Baisse des effectifs en cycle ingénieur : un risque pour les grandes transitions du pays

Par Armand Rosam |

Alors que la phase d’admission complémentaire de Parcoursup bat son plein, une mauvaise nouvelle vient secouer l'ingénierie dans la construction. En effet, une note flash publiée en juin par le SIES (le service statistique du ministère de l’Enseignement supérieur) confirme une tendance redoutée par toute la profession.

Baisse des effectifs en cycle ingénieur : un risque pour les grandes transitions du pays

Une alerte sur les bancs de l’école : les chiffres qui inquiètent le BTP

Alors que la phase d’admission complémentaire de Parcoursup bat son plein, une mauvaise nouvelle vient secouer l’ingénierie dans la construction. En effet, une note flash publiée en juin par le SIES (le service statistique du ministère de l’Enseignement supérieur) confirme une tendance redoutée par toute la profession.

À la rentrée, les effectifs en cycle ingénieur ont enregistré une baisse de -0,6 % en un an, pour atteindre 157 600 inscrits. De plus, la progression n’est que de 2 % sur les cinq dernières années. Pour la fédération Syntec-Ingénierie, ces chiffres sonnent comme un véritable signal d’alarme. L’orientation des lycéens vers ces filières conditionne directement la capacité de la France à mener à bien ses transformations majeures.
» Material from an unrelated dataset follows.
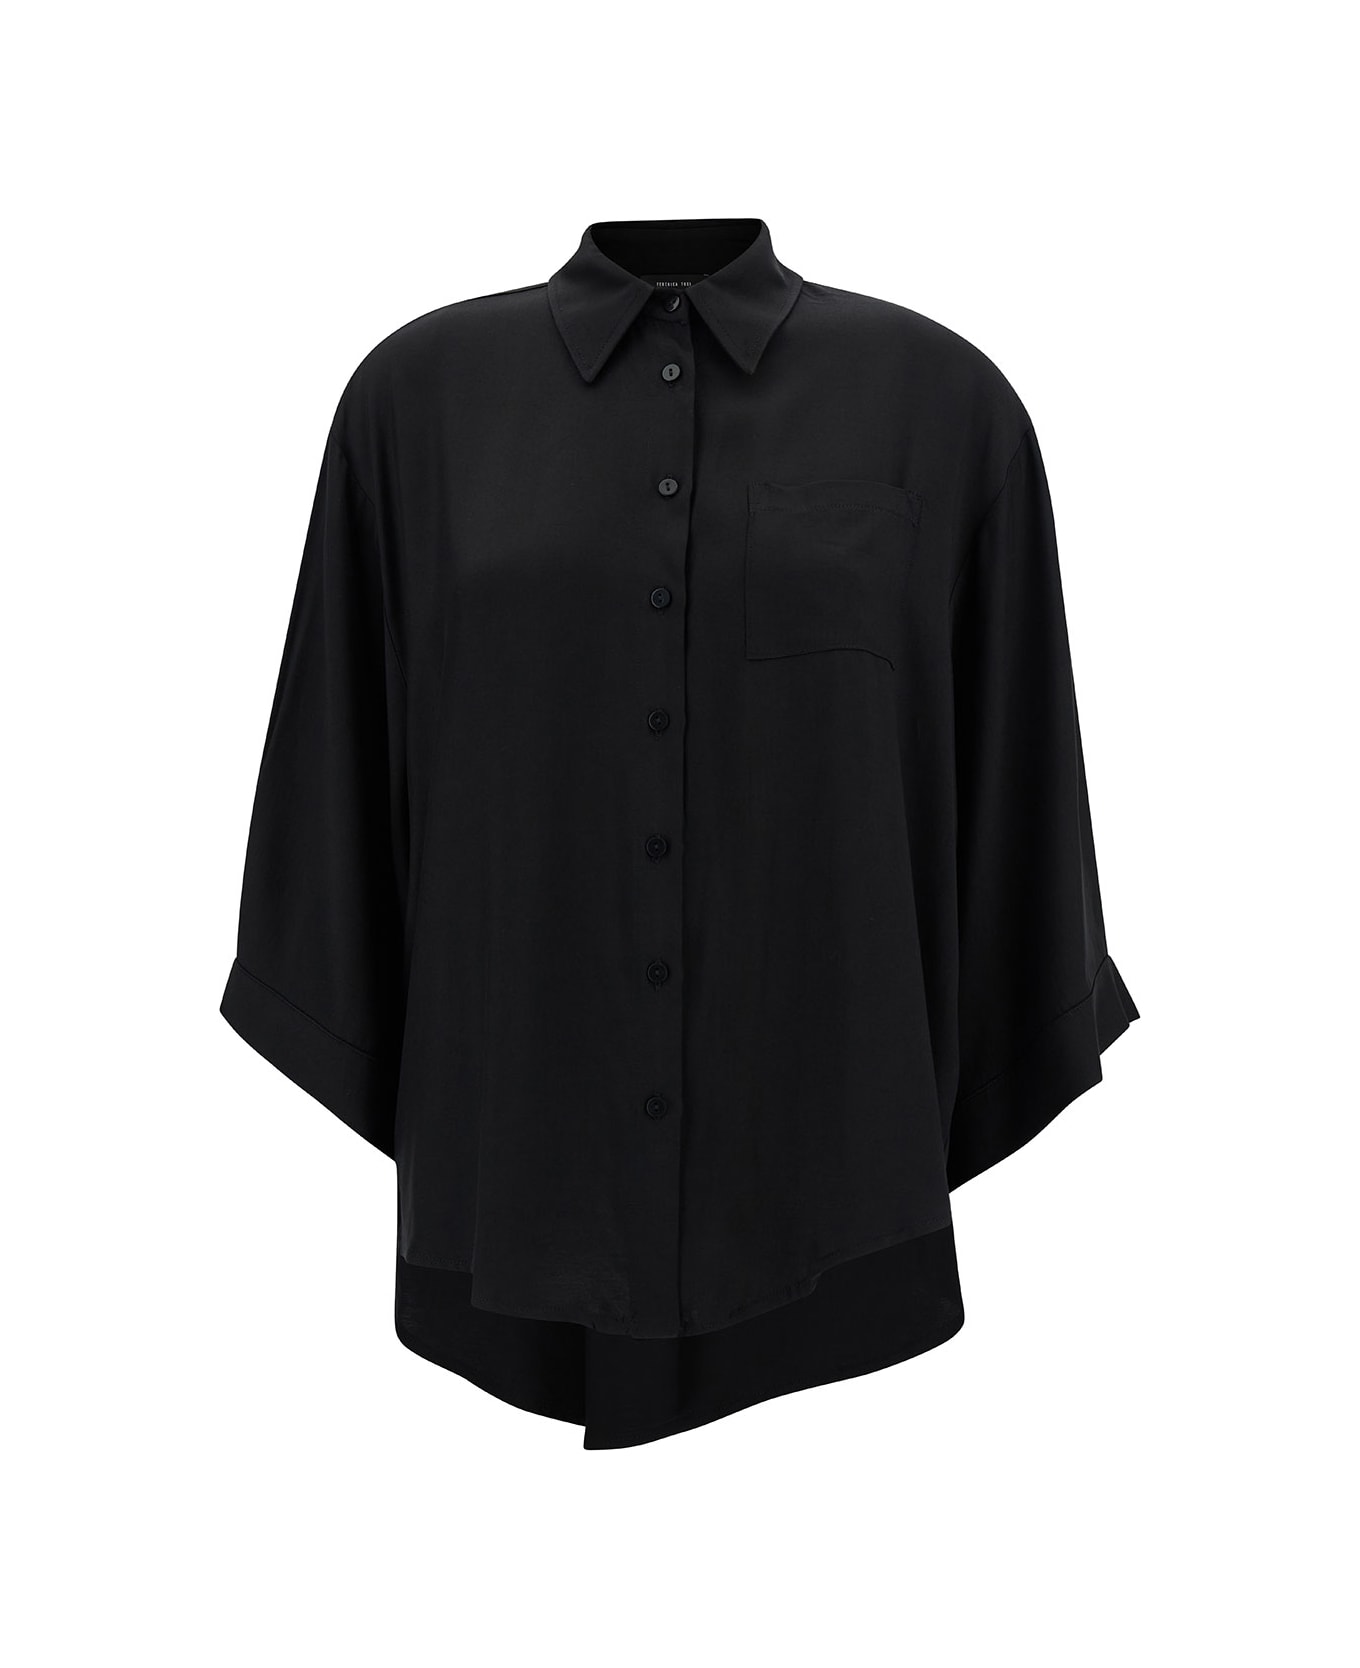 Federica Tosi Oversized Black Shirt With Patch Pockets In Viscose Woman - Black シャツ

Un déficit de talents face aux ambitions économiques et climatiques

Pourtant, les besoins du marché n’ont jamais été aussi élevés. Selon l’OPIIEC, l’économie française réclame 50 000 à 60 000 nouveaux ingénieurs par an. En comparaison, le pays n’a compté que 46 500 diplômés en 2023. Cette érosion du vivier de talents intervient donc au pire moment pour les entreprises.
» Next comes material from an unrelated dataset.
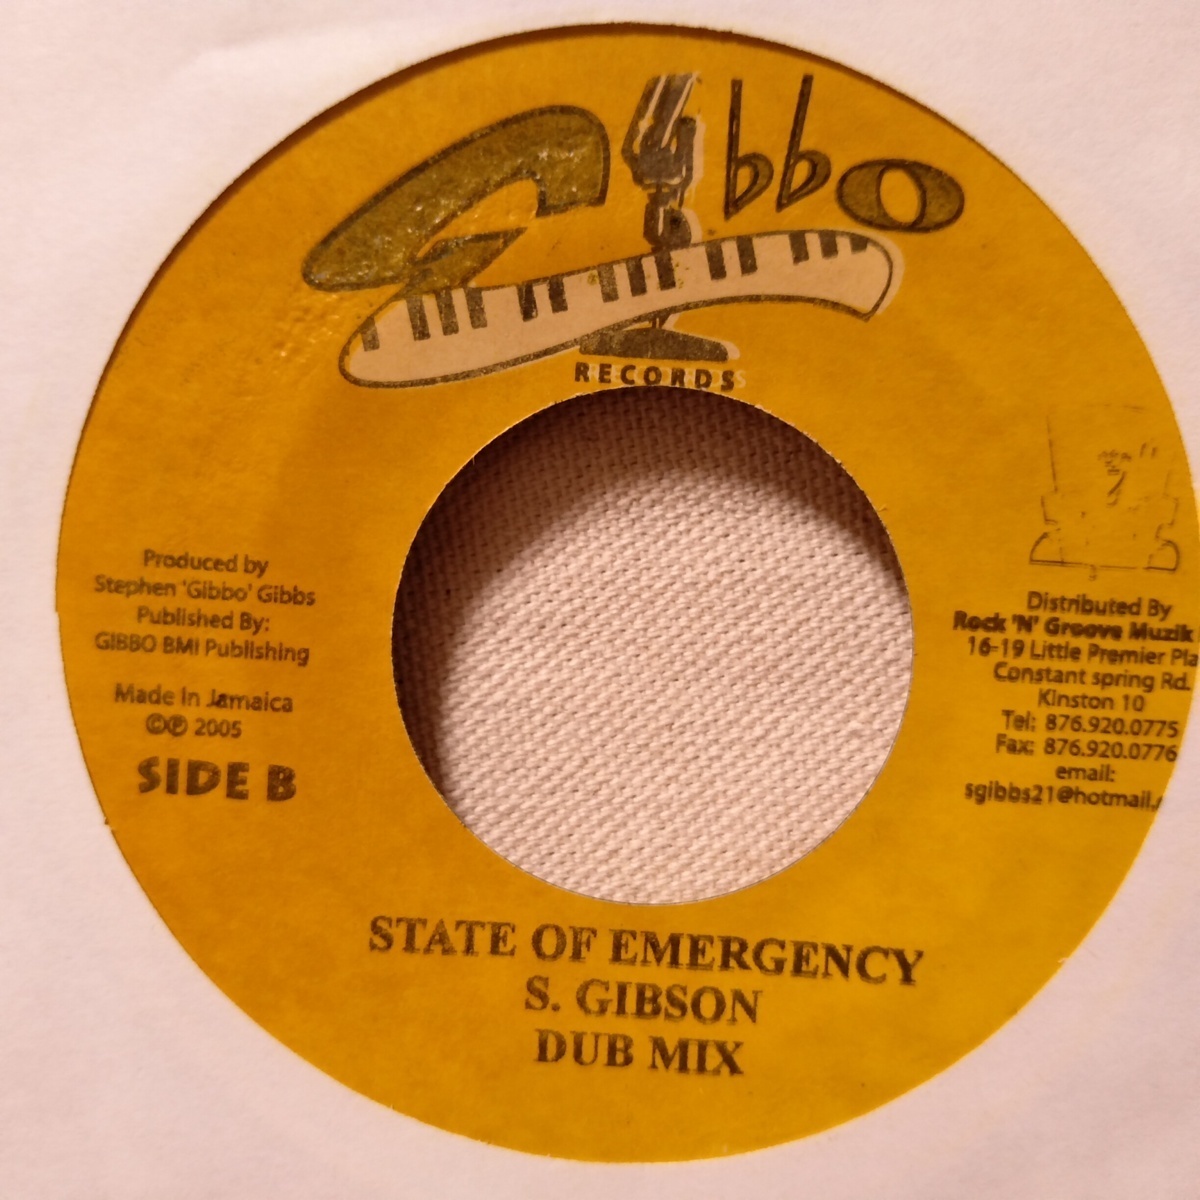 NATTY KING OUTTA ROAD / STATE OF EMERGENCY ★ レゲエ ★7インチレコード[6934EP_画像2

Le chiffre clé : Aujourd’hui, 61 % des sociétés d’ingénierie déclarent rencontrer d’importantes difficultés de recrutement.
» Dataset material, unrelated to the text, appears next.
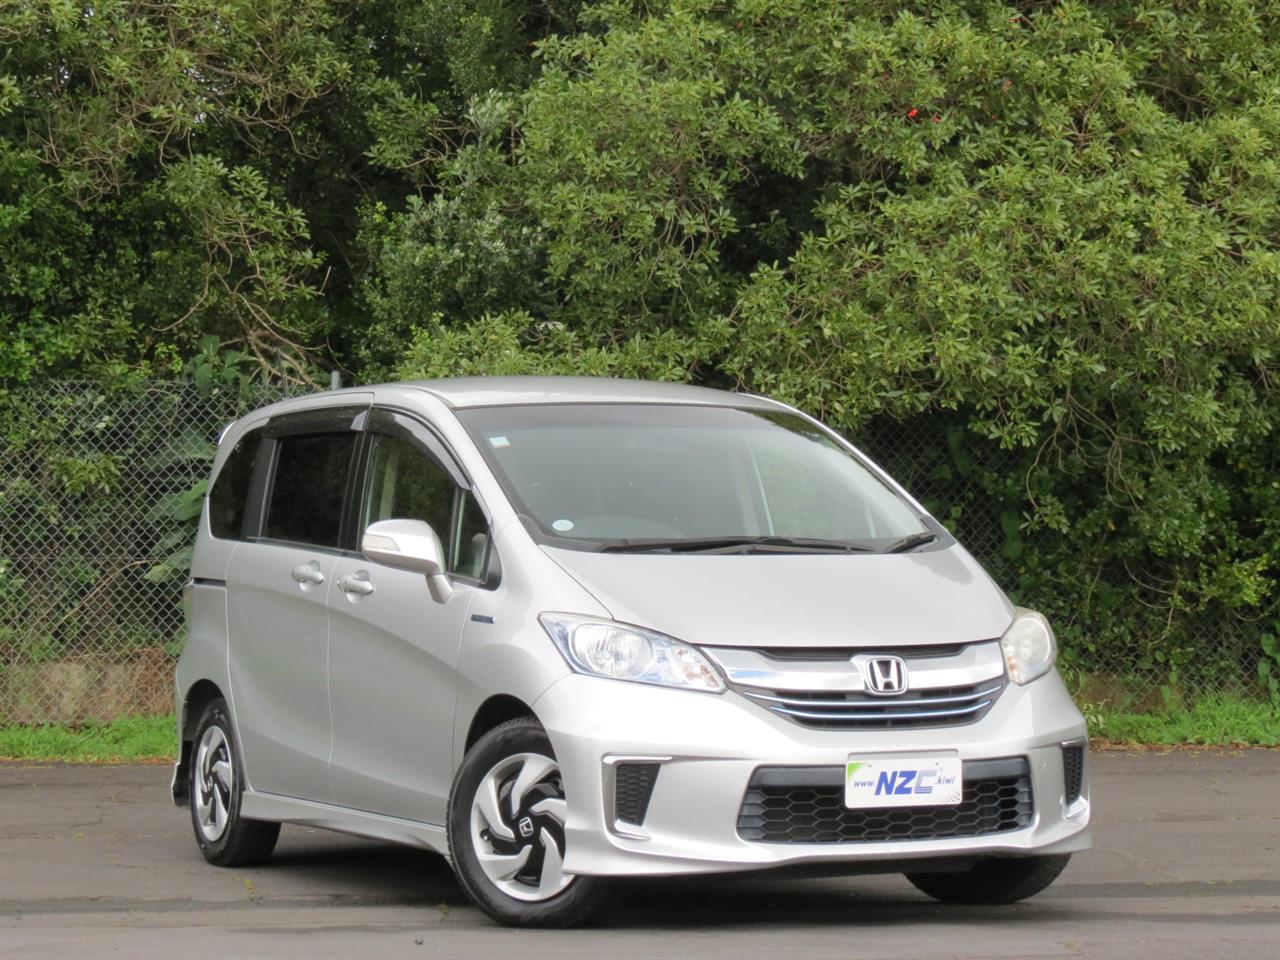 NZC best hot price for 2014 Honda Freed in Auckland

Par conséquent, cette pénurie menace directement les grands chantiers nationaux :

  • La décarbonation de l’énergie.
  • L’adaptation des infrastructures au changement climatique.
  • La réindustrialisation et la souveraineté technologique des territoires.

N’oublions pas que la profession constitue un moteur économique colossal. Elle rassemble 362 000 salariés au sein de 31 500 entreprises, pour un chiffre d’affaires de 62 milliards d’euros.

Syntec-Ingénierie appelle à un sursaut national et à la diversité

Face à cette situation critique, Syntec-Ingénierie invite les lycéens et leurs familles à redécouvrir cette filière d’avenir. C’est un secteur dynamique qui recrute massivement, qui innove constamment et qui permet d’agir concrètement sur le monde réel.

Par ailleurs, la fédération interpelle les pouvoirs publics et la communauté éducative. Elle demande de promouvoir ces métiers dès le lycée et de valoriser la diversité des voies d’accès. Elle entend faire des vocations scientifiques et techniques, notamment féminines, une priorité nationale absolue.

« Les ingénieurs impulsent les grandes transitions de notre pays (…). À tous les jeunes qui veulent être utiles et agir concrètement sur le monde qui les entoure : choisissez l’ingénierie ! » — Michel Kahan, président de Syntec-Ingénierie.